This is a link to a friend's plan to save us....

http://www.andersresort.com/

:clap:


----------



## hchan (May 7, 2011)

Everything is moving along, I'll be arriving in LA on 20th May! So what are some good orchid nurseries in the LA area? I only know Santa Barbara Orchid Estate. Which orchid societies cover the LA area?


----------



## KyushuCalanthe (May 8, 2011)

gonewild said:


> We can all go and make an Ex-pat orchid commune.
> This is a link to a friend's plan to save us....
> 
> http://www.andersresort.com/
> ...



Lance, MAN, I'm packing my bags now!

Sorry for hijacking your thread Hubert. And good luck in the city of angels.


----------



## hchan (May 8, 2011)

Thanks Tom 

Any tips from anyone please? I looked at Cal Orchids, but they don't seem to have any Paphs.


----------



## Rick (May 8, 2011)

Andy's Orchids is south of LA. They've cut way back on slippers but have tons of weird small stuff appropriate for apartment growing. I believe Terry Root and OZ are in southern Ca, but I don't think they are generally accessible. 

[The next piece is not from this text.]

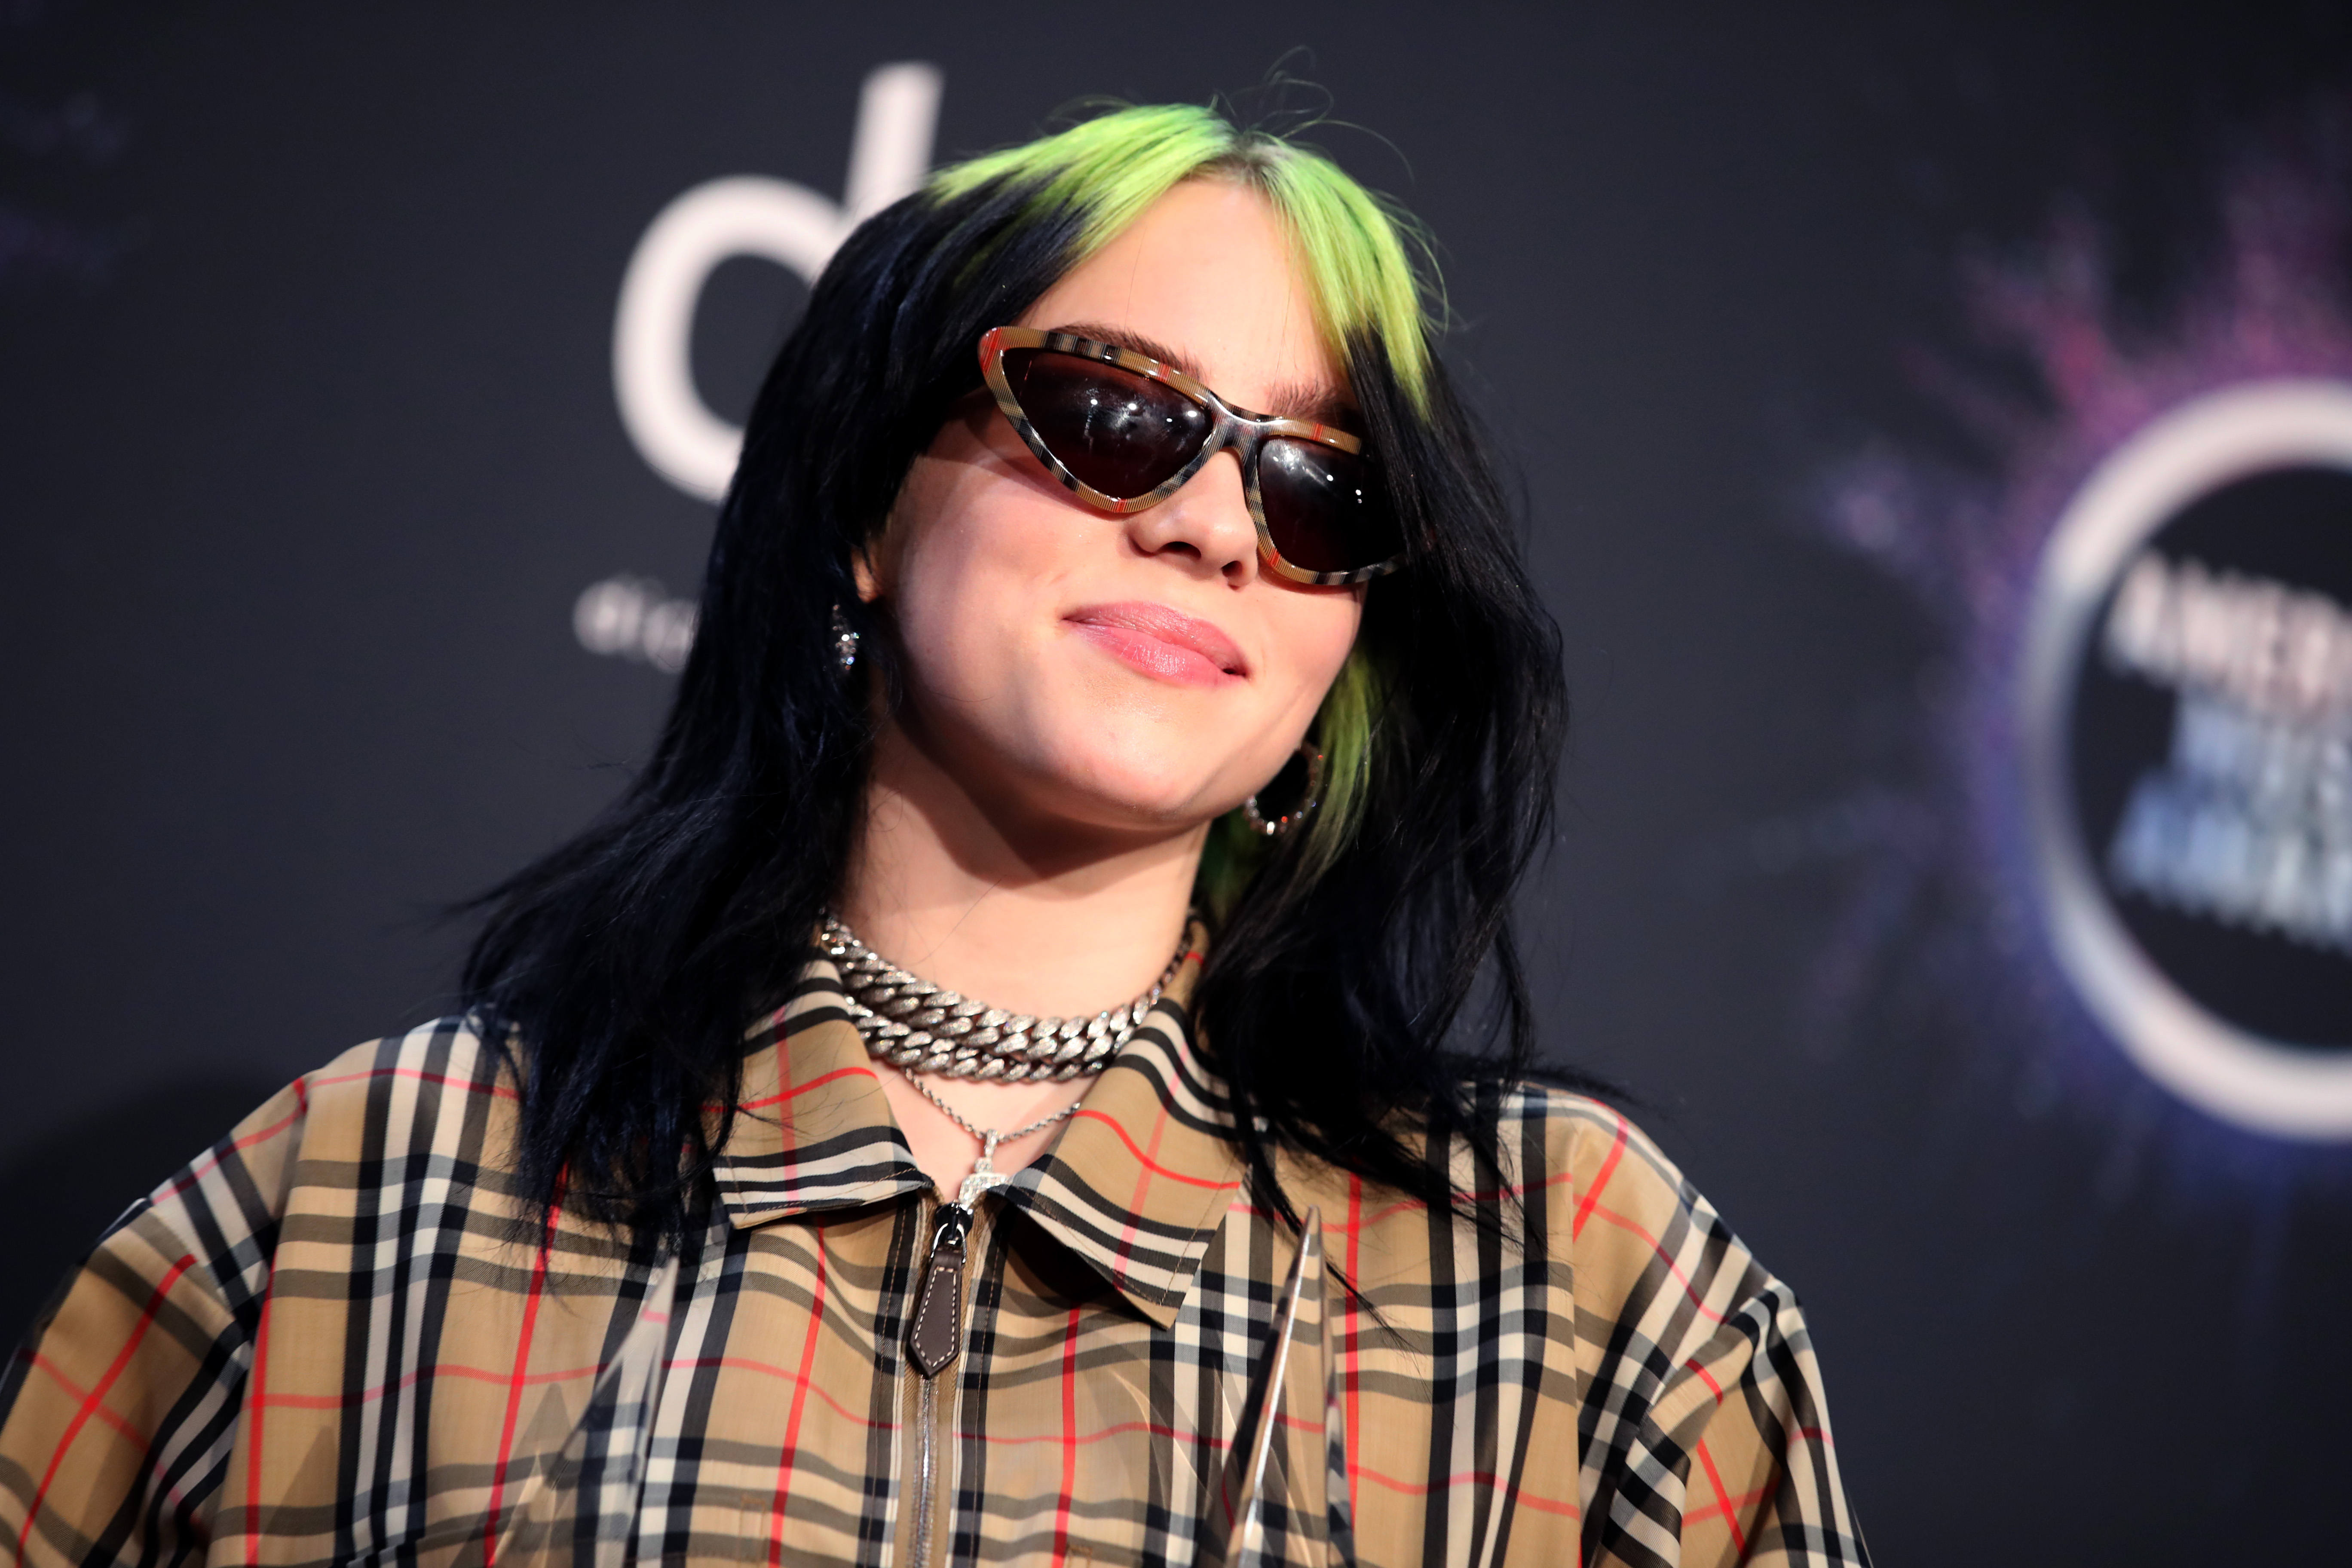 Apple selling limited-edition Billie Eilish Gift Card following TV+  documentary release - 9to5Mac

I grew up in LA, but other than going back periodically to visit family, I haven't paid much attention to the orchid scene there in 20 years. 

If you are in LA proper then it's crowded apartment living, but LA city itself is small, so most likely you would be in one of the adjacent suburb cities (not readily distinguishable from LA proper). Generally when people think of LA they mean "southern CA, south of Bakersfield and north of Orange Co. You may look at renting a house instead and put up a small green house.

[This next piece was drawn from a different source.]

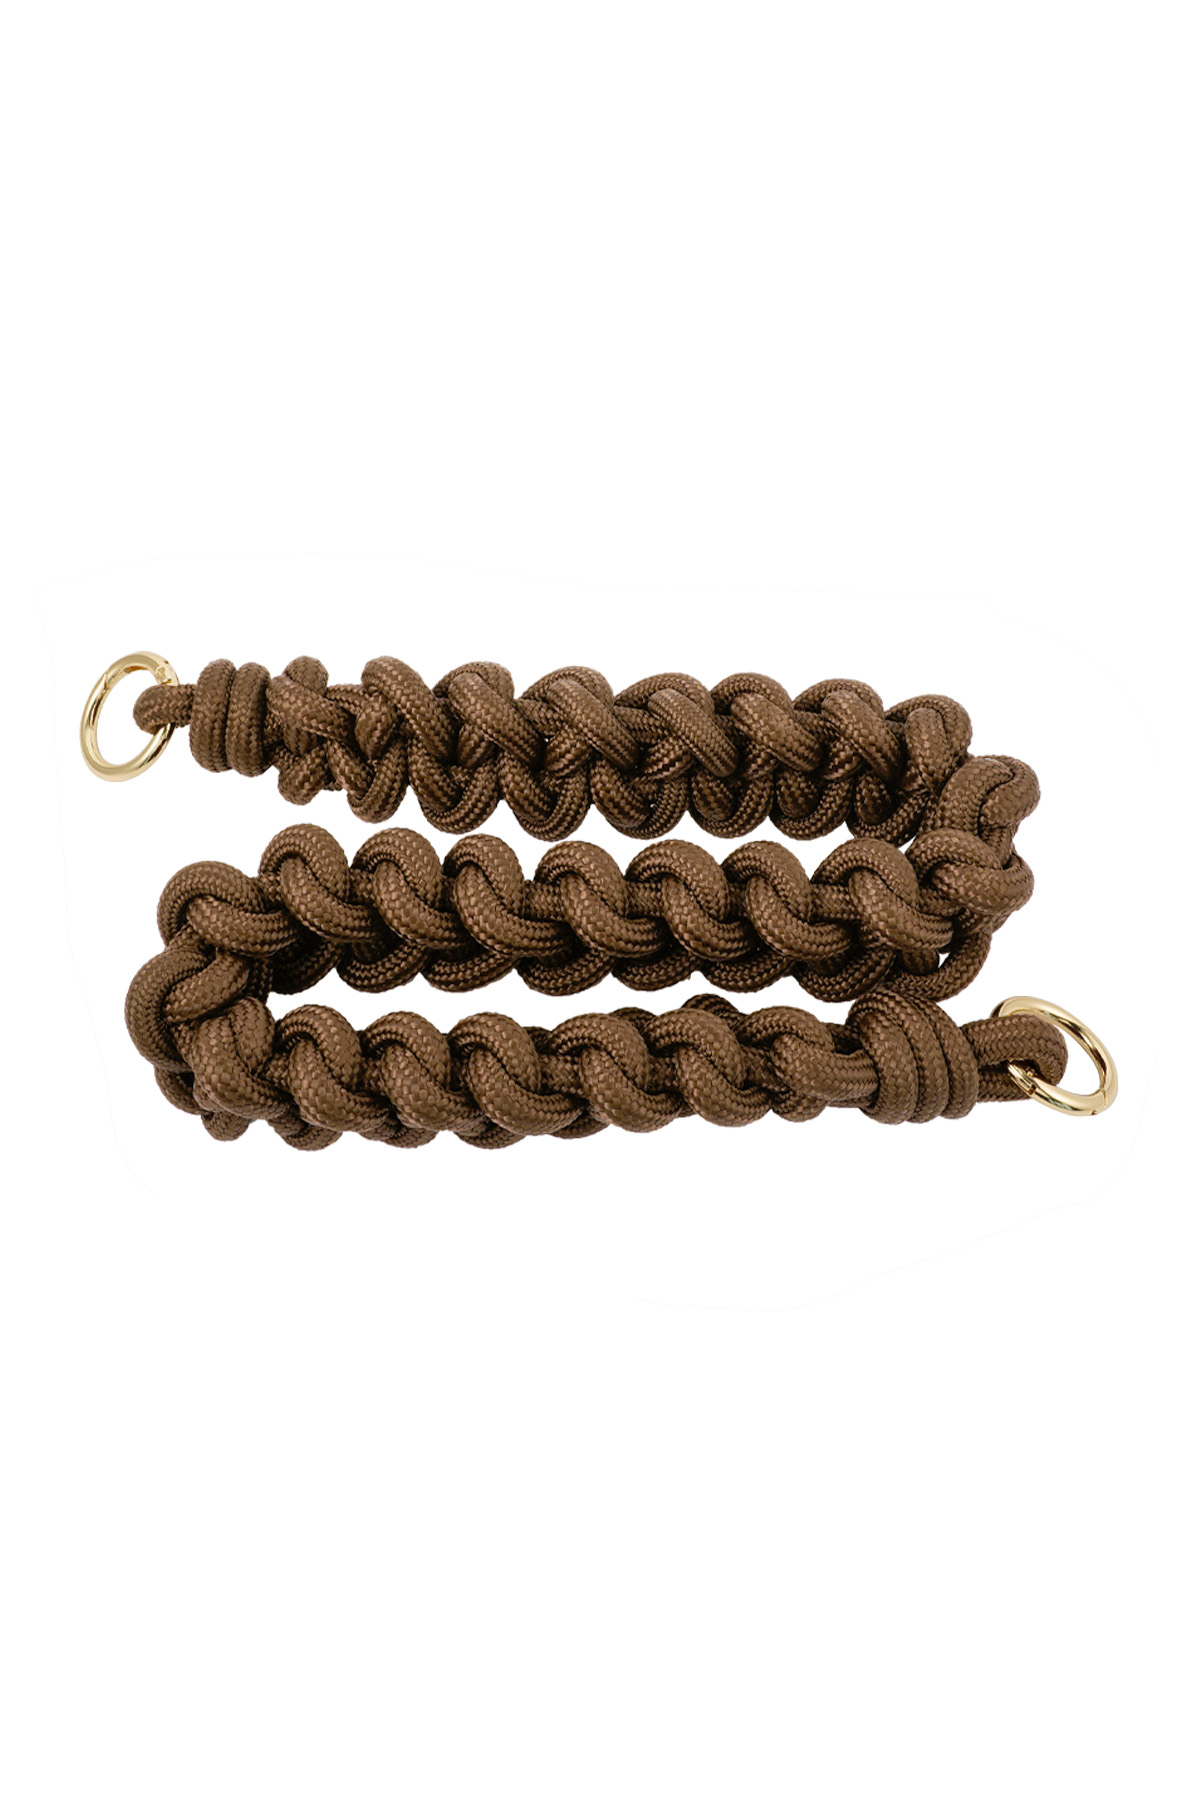 Braided bag strap brown h5 Picture5

There should be tons of orchid opportunities from Santa Barbara south to San Diego. I used to know lots of people grew cymbidiums outside year round, and virtually every garden center sold some orchids.

You should have no problems making orchid friends in LA.


----------



## NYEric (May 8, 2011)

If you can get to Terry Root's OZ you'll be fine! Contact Dean 'Paphiness' Hung and maybe you can meet and go with him.


----------



## Rick (May 8, 2011)

I guess with Oz being in Monterey that is really more central Ca than Southern.

But since they are wholesaling only these days, you'd have to dig around and find out who in S. Ca they are selling to.


----------



## jjkOC (May 9, 2011)

Hi Hubert! I am a soCal native and live in Orange County, CA. You will definitely find some orchid-lovers out here! I second the suggestions of visiting Andy's orchids in Encinitas. His offerings are orchid species of all kinds... both he and his brother are friendly and very helpful. 

I highly recommend Dean Hung's nursery paphinessorchids! He is really passionate about Paphs and very knowledgable. Most of the orchids in my collection are from his nursery. He also has orchids from OZ. 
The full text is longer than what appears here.